[Assignment] Please return each of the entries below exactly as they appear.

(Source data)
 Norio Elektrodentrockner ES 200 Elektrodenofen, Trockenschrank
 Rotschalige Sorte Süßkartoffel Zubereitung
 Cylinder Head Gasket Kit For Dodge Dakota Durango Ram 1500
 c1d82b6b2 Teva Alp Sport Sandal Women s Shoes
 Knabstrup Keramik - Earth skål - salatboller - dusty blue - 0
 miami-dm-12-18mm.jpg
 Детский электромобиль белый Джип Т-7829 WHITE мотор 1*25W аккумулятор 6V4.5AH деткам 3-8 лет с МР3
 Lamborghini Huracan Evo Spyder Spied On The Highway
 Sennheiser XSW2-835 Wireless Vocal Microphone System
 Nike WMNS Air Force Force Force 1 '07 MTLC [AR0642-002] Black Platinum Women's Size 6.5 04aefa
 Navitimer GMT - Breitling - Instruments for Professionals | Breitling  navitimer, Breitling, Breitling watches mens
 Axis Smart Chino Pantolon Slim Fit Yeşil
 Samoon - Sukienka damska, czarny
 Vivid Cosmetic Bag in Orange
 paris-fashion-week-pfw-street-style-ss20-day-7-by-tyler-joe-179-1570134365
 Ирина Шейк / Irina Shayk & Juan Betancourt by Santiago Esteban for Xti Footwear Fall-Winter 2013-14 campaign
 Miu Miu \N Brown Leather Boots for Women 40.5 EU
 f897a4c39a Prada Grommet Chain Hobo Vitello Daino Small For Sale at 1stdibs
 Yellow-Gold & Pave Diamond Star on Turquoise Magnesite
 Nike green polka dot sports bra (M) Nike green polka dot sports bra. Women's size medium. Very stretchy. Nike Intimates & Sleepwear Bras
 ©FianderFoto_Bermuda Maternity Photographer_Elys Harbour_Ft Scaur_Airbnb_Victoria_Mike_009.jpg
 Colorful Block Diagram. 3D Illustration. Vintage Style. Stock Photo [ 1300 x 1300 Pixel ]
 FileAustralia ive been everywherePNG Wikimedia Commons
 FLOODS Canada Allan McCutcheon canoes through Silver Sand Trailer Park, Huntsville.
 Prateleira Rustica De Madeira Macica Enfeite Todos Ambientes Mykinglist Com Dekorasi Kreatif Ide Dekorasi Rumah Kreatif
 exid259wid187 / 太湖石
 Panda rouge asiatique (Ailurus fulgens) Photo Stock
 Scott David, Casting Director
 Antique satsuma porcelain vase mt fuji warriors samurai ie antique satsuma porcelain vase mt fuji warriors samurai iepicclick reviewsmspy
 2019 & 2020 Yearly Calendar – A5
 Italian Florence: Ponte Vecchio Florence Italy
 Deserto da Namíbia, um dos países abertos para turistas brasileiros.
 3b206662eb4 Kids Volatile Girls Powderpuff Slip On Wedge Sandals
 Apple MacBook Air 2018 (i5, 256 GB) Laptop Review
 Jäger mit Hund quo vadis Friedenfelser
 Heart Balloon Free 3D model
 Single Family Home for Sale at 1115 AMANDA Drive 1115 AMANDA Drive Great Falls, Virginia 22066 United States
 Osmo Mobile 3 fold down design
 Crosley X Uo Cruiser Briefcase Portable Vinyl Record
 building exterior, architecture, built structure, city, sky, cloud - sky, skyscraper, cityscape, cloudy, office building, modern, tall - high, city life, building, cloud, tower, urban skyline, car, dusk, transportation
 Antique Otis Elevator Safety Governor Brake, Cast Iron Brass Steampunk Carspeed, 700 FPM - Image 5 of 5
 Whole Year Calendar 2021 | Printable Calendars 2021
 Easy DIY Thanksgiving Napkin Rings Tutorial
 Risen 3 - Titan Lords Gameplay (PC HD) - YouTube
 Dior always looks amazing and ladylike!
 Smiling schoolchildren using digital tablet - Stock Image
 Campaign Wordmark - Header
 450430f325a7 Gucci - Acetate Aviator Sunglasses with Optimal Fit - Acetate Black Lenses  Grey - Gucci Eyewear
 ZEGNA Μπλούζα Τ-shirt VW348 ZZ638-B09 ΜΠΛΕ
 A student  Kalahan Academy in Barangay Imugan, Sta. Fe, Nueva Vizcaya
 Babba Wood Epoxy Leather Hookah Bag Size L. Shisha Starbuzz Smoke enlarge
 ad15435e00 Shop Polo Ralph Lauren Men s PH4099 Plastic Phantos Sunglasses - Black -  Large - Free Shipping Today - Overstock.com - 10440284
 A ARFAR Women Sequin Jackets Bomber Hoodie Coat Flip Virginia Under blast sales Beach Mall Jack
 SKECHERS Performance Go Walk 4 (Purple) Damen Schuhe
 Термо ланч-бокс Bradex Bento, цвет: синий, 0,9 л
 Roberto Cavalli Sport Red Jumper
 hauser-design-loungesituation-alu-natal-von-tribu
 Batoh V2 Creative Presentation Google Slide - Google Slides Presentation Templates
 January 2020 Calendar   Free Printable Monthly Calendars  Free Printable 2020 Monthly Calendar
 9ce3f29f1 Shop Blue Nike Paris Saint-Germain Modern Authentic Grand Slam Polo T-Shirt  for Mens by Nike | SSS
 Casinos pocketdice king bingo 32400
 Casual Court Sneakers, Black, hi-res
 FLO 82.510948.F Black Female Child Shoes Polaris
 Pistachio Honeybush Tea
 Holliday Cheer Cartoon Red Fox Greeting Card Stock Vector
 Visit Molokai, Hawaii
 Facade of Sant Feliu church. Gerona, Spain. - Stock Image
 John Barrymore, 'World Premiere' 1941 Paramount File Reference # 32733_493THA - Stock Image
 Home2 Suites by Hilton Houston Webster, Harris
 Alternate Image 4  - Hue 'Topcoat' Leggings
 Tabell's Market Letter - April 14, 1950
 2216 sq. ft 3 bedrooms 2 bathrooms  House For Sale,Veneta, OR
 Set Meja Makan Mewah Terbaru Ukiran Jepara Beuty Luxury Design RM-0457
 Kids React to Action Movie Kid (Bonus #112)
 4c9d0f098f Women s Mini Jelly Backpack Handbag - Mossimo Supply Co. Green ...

[Answer box]
 Norio Elektrodentrockner ES 200 Elektrodenofen, Trockenschrank
 Rotschalige Sorte Süßkartoffel Zubereitung
 Cylinder Head Gasket Kit For Dodge Dakota Durango Ram 1500
 c1d82b6b2 Teva Alp Sport Sandal Women s Shoes
 Knabstrup Keramik - Earth skål - salatboller - dusty blue - 0
 miami-dm-12-18mm.jpg
 Детский электромобиль белый Джип Т-7829 WHITE мотор 1*25W аккумулятор 6V4.5AH деткам 3-8 лет с МР3
 Lamborghini Huracan Evo Spyder Spied On The Highway
 Sennheiser XSW2-835 Wireless Vocal Microphone System
 Nike WMNS Air Force Force Force 1 '07 MTLC [AR0642-002] Black Platinum Women's Size 6.5 04aefa
 Navitimer GMT - Breitling - Instruments for Professionals | Breitling  navitimer, Breitling, Breitling watches mens
 Axis Smart Chino Pantolon Slim Fit Yeşil
 Samoon - Sukienka damska, czarny
 Vivid Cosmetic Bag in Orange
 paris-fashion-week-pfw-street-style-ss20-day-7-by-tyler-joe-179-1570134365
 Ирина Шейк / Irina Shayk & Juan Betancourt by Santiago Esteban for Xti Footwear Fall-Winter 2013-14 campaign
 Miu Miu \N Brown Leather Boots for Women 40.5 EU
 f897a4c39a Prada Grommet Chain Hobo Vitello Daino Small For Sale at 1stdibs
 Yellow-Gold & Pave Diamond Star on Turquoise Magnesite
 Nike green polka dot sports bra (M) Nike green polka dot sports bra. Women's size medium. Very stretchy. Nike Intimates & Sleepwear Bras
 ©FianderFoto_Bermuda Maternity Photographer_Elys Harbour_Ft Scaur_Airbnb_Victoria_Mike_009.jpg
 Colorful Block Diagram. 3D Illustration. Vintage Style. Stock Photo [ 1300 x 1300 Pixel ]
 FileAustralia ive been everywherePNG Wikimedia Commons
 FLOODS Canada Allan McCutcheon canoes through Silver Sand Trailer Park, Huntsville.
 Prateleira Rustica De Madeira Macica Enfeite Todos Ambientes Mykinglist Com Dekorasi Kreatif Ide Dekorasi Rumah Kreatif
 exid259wid187 / 太湖石
 Panda rouge asiatique (Ailurus fulgens) Photo Stock
 Scott David, Casting Director
 Antique satsuma porcelain vase mt fuji warriors samurai ie antique satsuma porcelain vase mt fuji warriors samurai iepicclick reviewsmspy
 2019 & 2020 Yearly Calendar – A5
 Italian Florence: Ponte Vecchio Florence Italy
 Deserto da Namíbia, um dos países abertos para turistas brasileiros.
 3b206662eb4 Kids Volatile Girls Powderpuff Slip On Wedge Sandals
 Apple MacBook Air 2018 (i5, 256 GB) Laptop Review
 Jäger mit Hund quo vadis Friedenfelser
 Heart Balloon Free 3D model
 Single Family Home for Sale at 1115 AMANDA Drive 1115 AMANDA Drive Great Falls, Virginia 22066 United States
 Osmo Mobile 3 fold down design
 Crosley X Uo Cruiser Briefcase Portable Vinyl Record
 building exterior, architecture, built structure, city, sky, cloud - sky, skyscraper, cityscape, cloudy, office building, modern, tall - high, city life, building, cloud, tower, urban skyline, car, dusk, transportation
 Antique Otis Elevator Safety Governor Brake, Cast Iron Brass Steampunk Carspeed, 700 FPM - Image 5 of 5
 Whole Year Calendar 2021 | Printable Calendars 2021
 Easy DIY Thanksgiving Napkin Rings Tutorial
 Risen 3 - Titan Lords Gameplay (PC HD) - YouTube
 Dior always looks amazing and ladylike!
 Smiling schoolchildren using digital tablet - Stock Image
 Campaign Wordmark - Header
 450430f325a7 Gucci - Acetate Aviator Sunglasses with Optimal Fit - Acetate Black Lenses  Grey - Gucci Eyewear
 ZEGNA Μπλούζα Τ-shirt VW348 ZZ638-B09 ΜΠΛΕ
 A student  Kalahan Academy in Barangay Imugan, Sta. Fe, Nueva Vizcaya
 Babba Wood Epoxy Leather Hookah Bag Size L. Shisha Starbuzz Smoke enlarge
 ad15435e00 Shop Polo Ralph Lauren Men s PH4099 Plastic Phantos Sunglasses - Black -  Large - Free Shipping Today - Overstock.com - 10440284
 A ARFAR Women Sequin Jackets Bomber Hoodie Coat Flip Virginia Under blast sales Beach Mall Jack
 SKECHERS Performance Go Walk 4 (Purple) Damen Schuhe
 Термо ланч-бокс Bradex Bento, цвет: синий, 0,9 л
 Roberto Cavalli Sport Red Jumper
 hauser-design-loungesituation-alu-natal-von-tribu
 Batoh V2 Creative Presentation Google Slide - Google Slides Presentation Templates
 January 2020 Calendar   Free Printable Monthly Calendars  Free Printable 2020 Monthly Calendar
 9ce3f29f1 Shop Blue Nike Paris Saint-Germain Modern Authentic Grand Slam Polo T-Shirt  for Mens by Nike | SSS
 Casinos pocketdice king bingo 32400
 Casual Court Sneakers, Black, hi-res
 FLO 82.510948.F Black Female Child Shoes Polaris
 Pistachio Honeybush Tea
 Holliday Cheer Cartoon Red Fox Greeting Card Stock Vector
 Visit Molokai, Hawaii
 Facade of Sant Feliu church. Gerona, Spain. - Stock Image
 John Barrymore, 'World Premiere' 1941 Paramount File Reference # 32733_493THA - Stock Image
 Home2 Suites by Hilton Houston Webster, Harris
 Alternate Image 4  - Hue 'Topcoat' Leggings
 Tabell's Market Letter - April 14, 1950
 2216 sq. ft 3 bedrooms 2 bathrooms  House For Sale,Veneta, OR
 Set Meja Makan Mewah Terbaru Ukiran Jepara Beuty Luxury Design RM-0457
 Kids React to Action Movie Kid (Bonus #112)
 4c9d0f098f Women s Mini Jelly Backpack Handbag - Mossimo Supply Co. Green ...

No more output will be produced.